Insurance revenue remained at $3.7bn, supported by active portfolio management, despite the non-renewal of the Irish Medex account. New business CSM rose to $262mn from $223mn.
L&H Re: Consistent Results from In-Force Portfolio
L&H Re reported net income of $839mn for H1 2025, down from $883mn. The insurance service result came in at $900mn, compared with $1bn in the prior-year period.
The drop reflects a lower CSM release tied to a 2024 assumption review, offset by lower negative experience variance.
Insurance revenue declined to $8.0bn from $8.5bn, mainly due to the termination of a retrocession deal that boosted 2024 results. New business CSM increased slightly to $569mn, and the overall CSM balance rose by $410mn to $17.8bn, largely due to USD depreciation.
L&H Re maintains its full-year net income target of $1.6bn.
iptiQ Exit Nearing Completion
Swiss Re is progressing with its exit from iptiQ. The sale of its Australian business to Hannover Re is complete, along with a management buyout of the Americas Sales Solutions unit.

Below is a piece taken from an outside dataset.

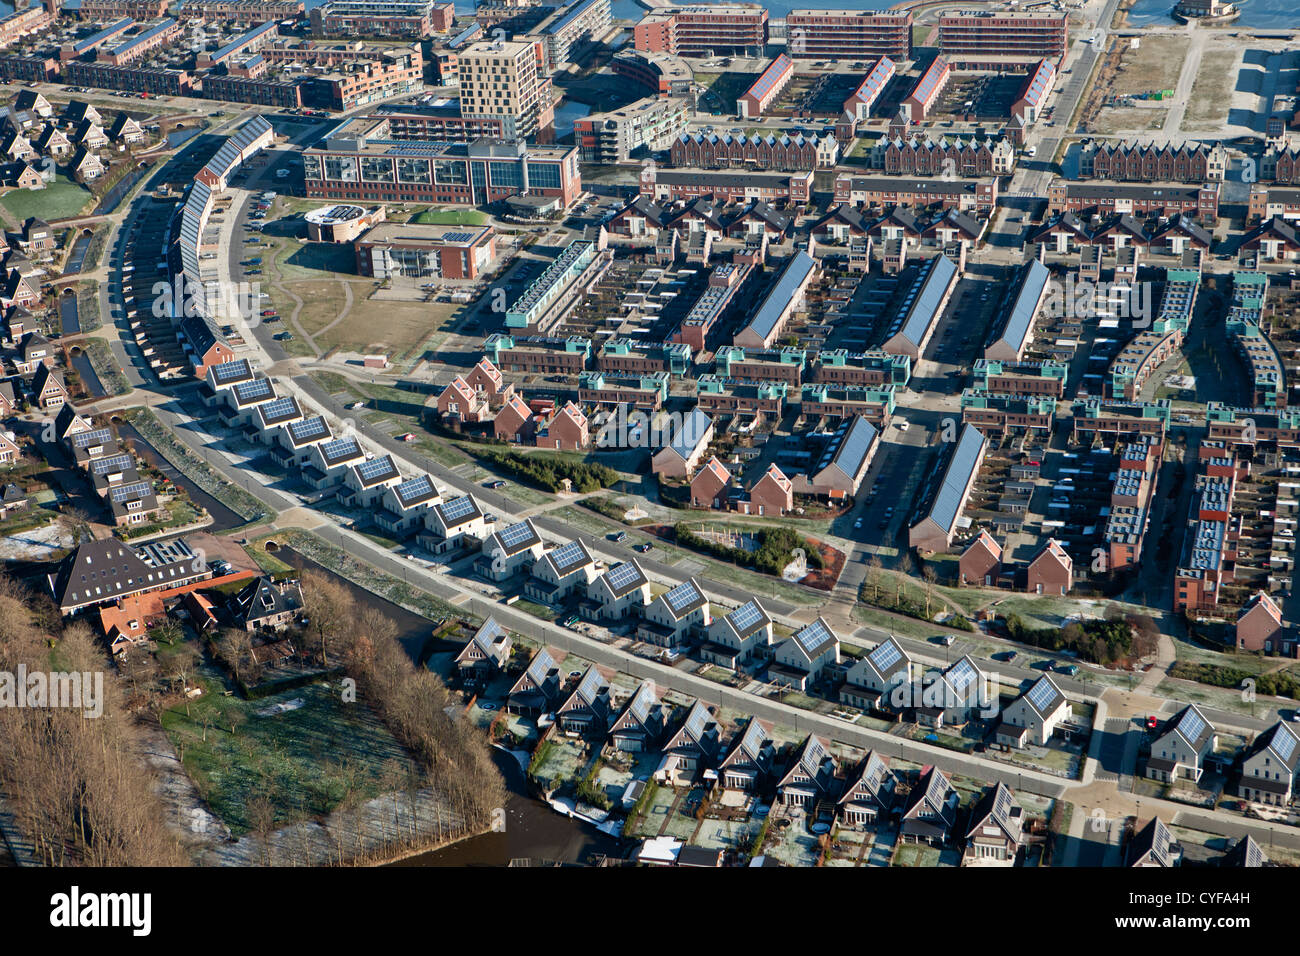 The Netherlands, Heerhugowaard, Aerial, District called City of the Sun, Dutch: Stad van de Zon. All houses with solar panels. Stock Photo

The sale of the EMEA P&C business to Allianz Direct closed in July.
Swiss Re confirmed its full-year targets. The Group remains cautious heading into the peak of hurricane season and amid global economic uncertainty.
Management continues to prioritize disciplined underwriting and cost control to sustain profitability.